注意：这里我们处理的是特征列中的缺失值，而不是目标列income中的缺失值，
因为我们做的是监督学习，如果income中有缺失值，那这一行可以考虑删掉

X_train_nan = df_train_nan.drop(columns=['income'])
X_test_nan  = df_test_nan.drop(columns=['income'])
y_train = df_train_nan['income']
y_test = df_test_nan['income']

Imputation 插值

Imputation means inventing values for the missing data.
The strategies are different for numeric(mean, median…) vs. categorical.
In this dataset it turns out we only have missing values in the categorical features.

from sklearn.impute import SimpleImputer

imp = SimpleImputer(strategy='most_frequent')

This imputer is another transformer, like the other ones we’ve seen (CountVectorizer, OrdinalEncoder, OneHotEncoder).

numeric_features = ['age', 'fnlwgt', 'education.num', 'capital.gain', 
                    'capital.loss', 'hours.per.week']
categorical_features = ['workclass', 'marital.status', 'occupation', 
                        'relationship', 'race', 'sex', 'native.country']
target_column = 'income'


imp.fit(X_train_nan[categorical_features]);

X_train_imp_cat = pd.DataFrame(imp.transform(X_train_nan[categorical_features]),
                           columns=categorical_features, index=X_train_nan.index)
X_test_imp_cat = pd.DataFrame(imp.transform(X_test_nan[categorical_features]),
                           columns=categorical_features, index=X_test_nan.index)
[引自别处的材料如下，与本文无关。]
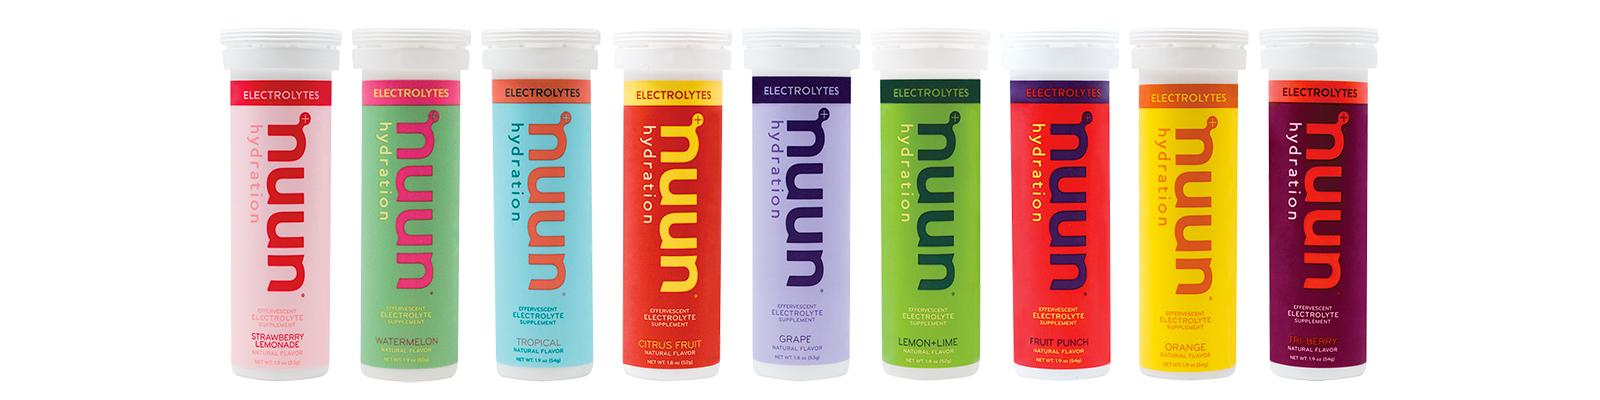 TSG Consumer Partners Completes Investment In Nuun — TSG Consumer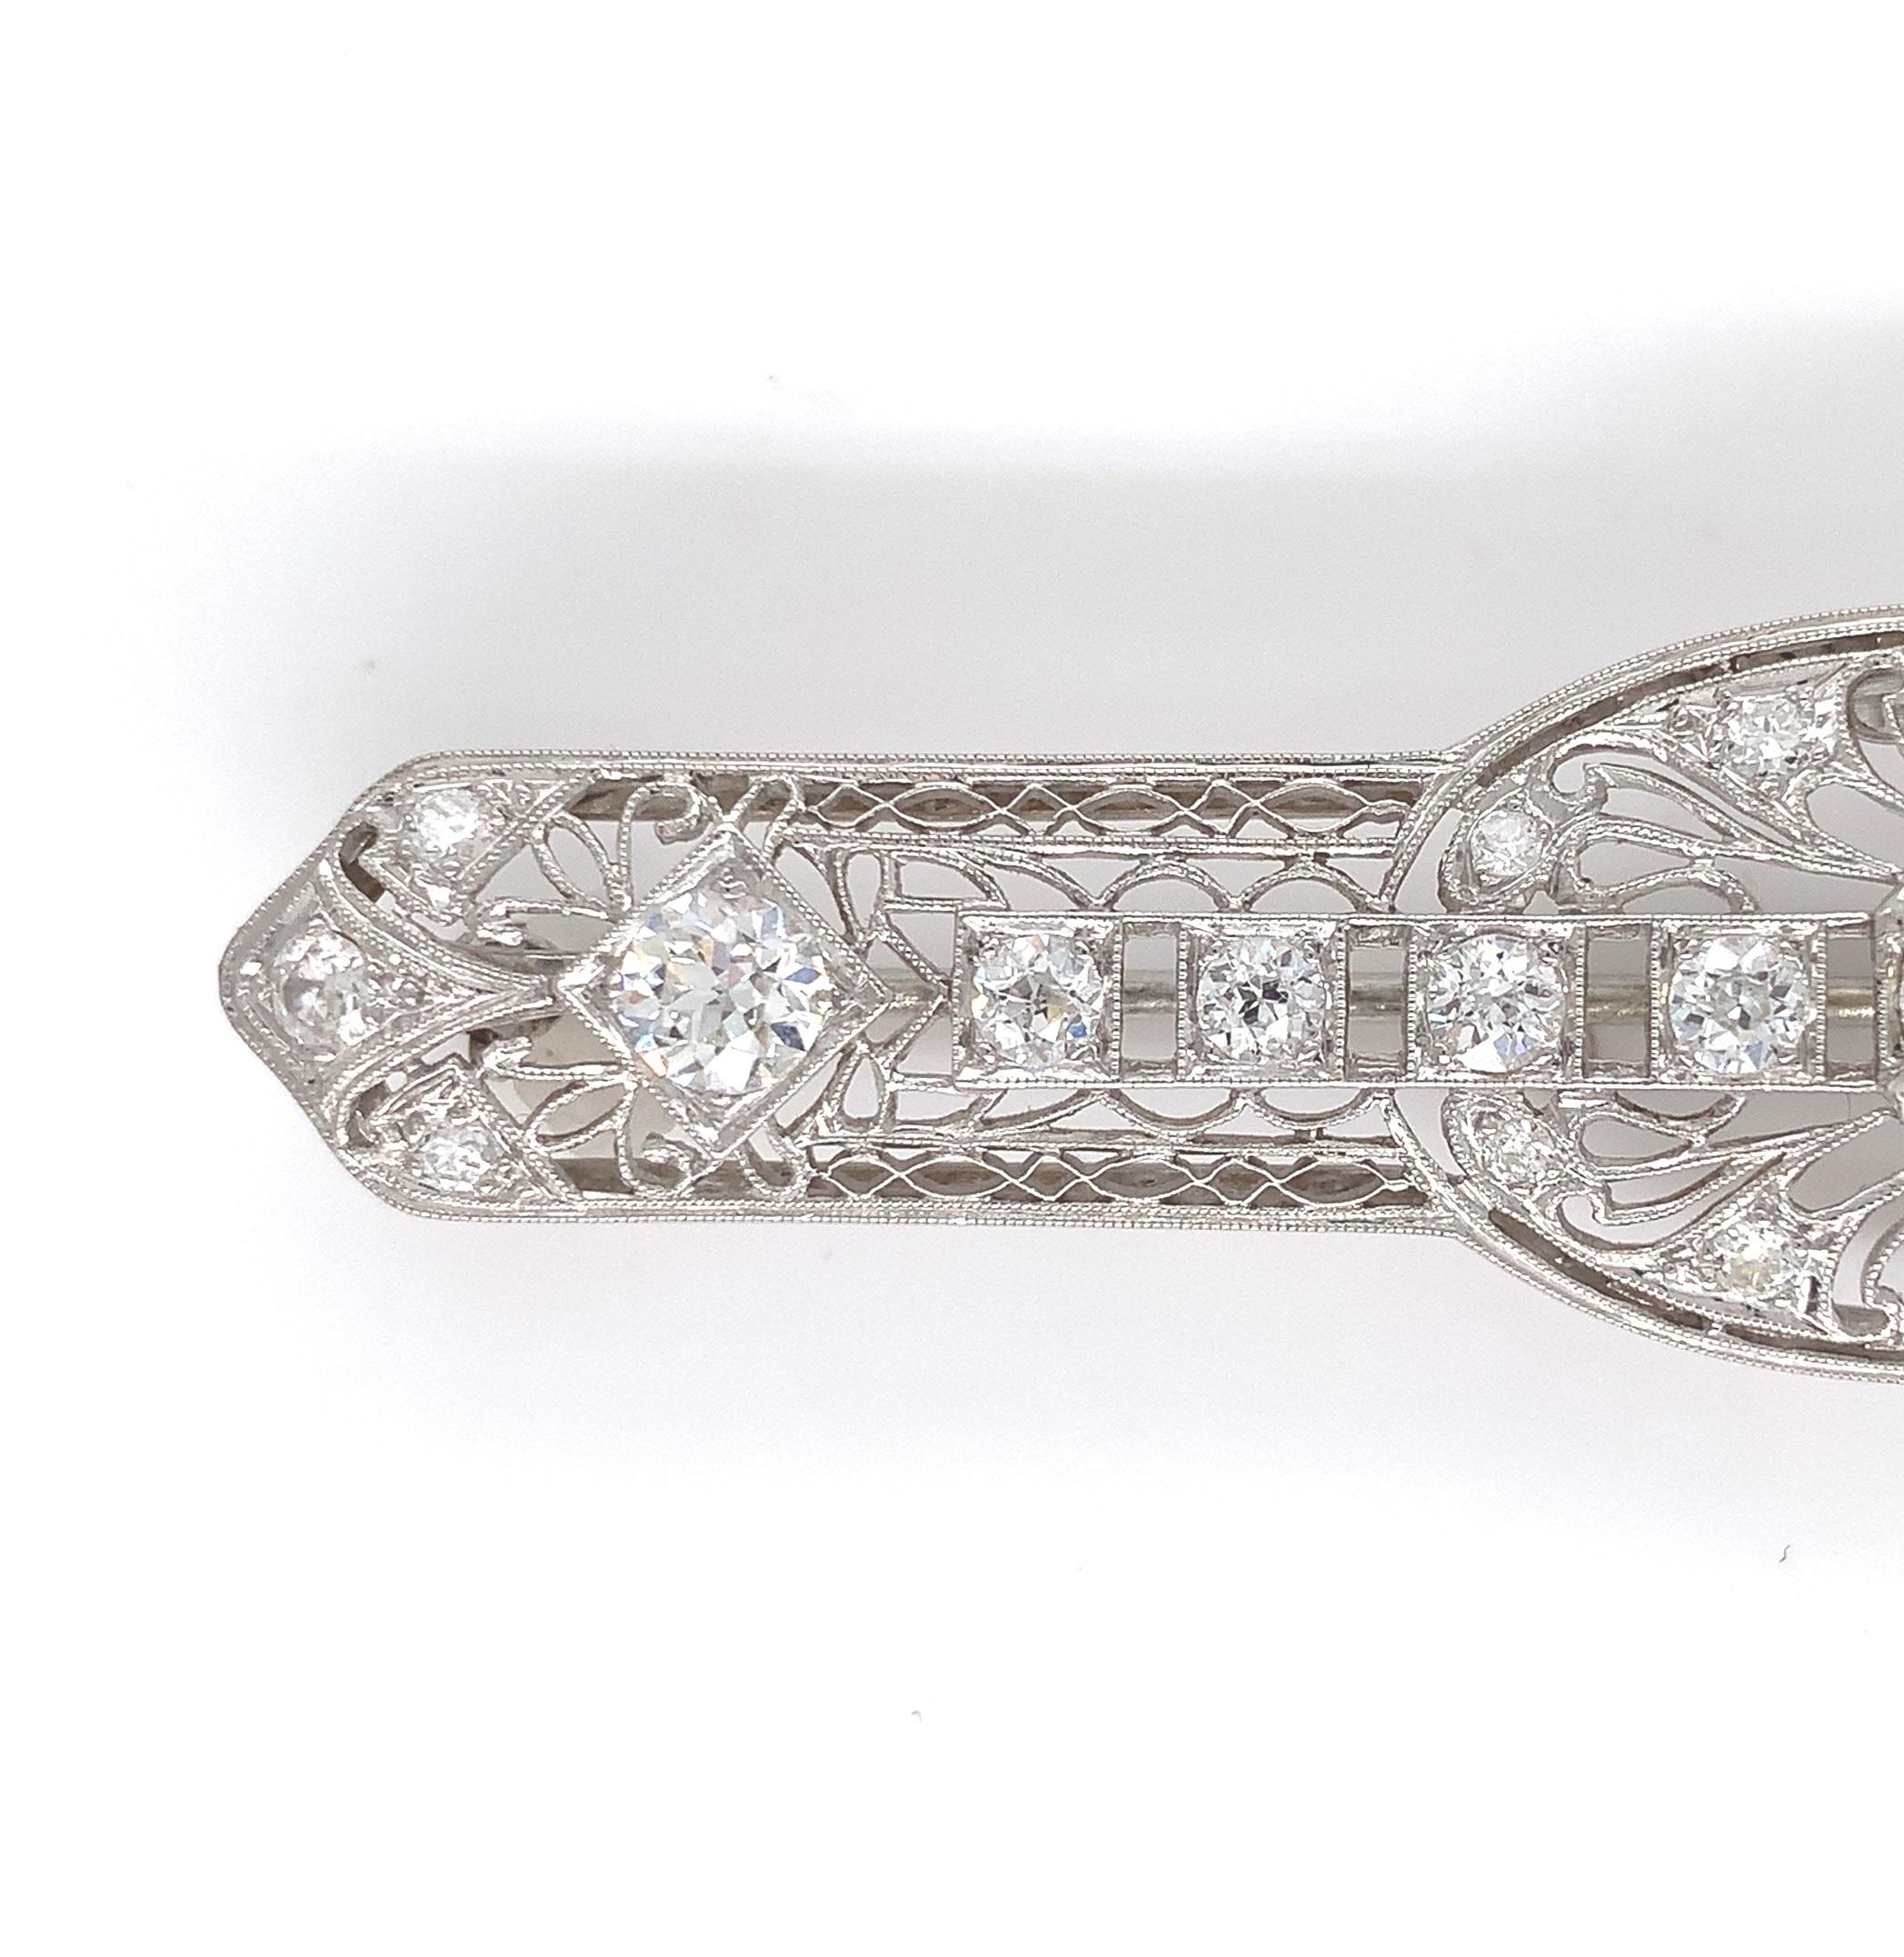  Art Deco platinum diamond filigree pin brooch with just over 3 carats of diamonds. This is a large substantial pin measuring 3 1/8

X_train_imp = X_train_nan.copy()
X_train_imp.update(X_train_imp_cat)

X_test_imp = X_test_nan.copy()
X_test_imp.update(X_test_imp_cat)

# 至此，所有的缺失值被 most_frequent 策略填充

另一种方法是，人为指定一个固定值插入:

# or just leave in the "?" and have this be its own category for categorical variables.
SimpleImputer(strategy='constant', fill_value="?");

Pipeline

至此，我们可以建立一个3阶段的Pipeline, 先回顾一下Pipeline的执行流程：

如何处理缺失值的方法 - sklearn实践


pipe = Pipeline([('imputation', SimpleImputer(strategy='most_frequent')),
                 ('ohe', OneHotEncoder(handle_unknown='ignore')),
                 ('lr', LogisticRegression(max_iter=1000))])
                 
pd.DataFrame(cross_validate(pipe, X_train_nan[categorical_features], y_train))

如何处理缺失值的方法 - sklearn实践

Feature scaling

不同于插值，特征缩放只适用于数值特征

为何要特征缩放

此处以逻辑回归为例，只用数据集中的数值型列来训练模型:


lr = LogisticRegression(max_iter=1000)
pd.DataFrame(cross_validate(lr, X_train_imp[numeric_features], y_train, return_train_score=True))

如何处理缺失值的方法 - sklearn实践

lr.fit(X_train_imp[numeric_features], y_train);

pd.DataFrame(data=lr.coef_[0], index=numeric_features, columns=['Coefficient'])

如何处理缺失值的方法 - sklearn实践

可以发现 fnlwgt （final weight）的系数非常小

提问：fnlwgt为何很小呢？我们来一起探究其原因：

X_train_nan.describe()

如何处理缺失值的方法 - sklearn实践

由统计结果可知，与其他几个数值型列相比，fnlwgt的平均值大约是200,000。我们来回忆逻辑回归，最终会给每个特征训练一个系数，推导时一条数据的每个特征乘以对应的系数，然后相加求和，最后使用sigmoid函数转换到0-1区间，所以说 fnlwgt本身很大，对应的系数就倾向于很小, 否则这一项就将主导整个预测。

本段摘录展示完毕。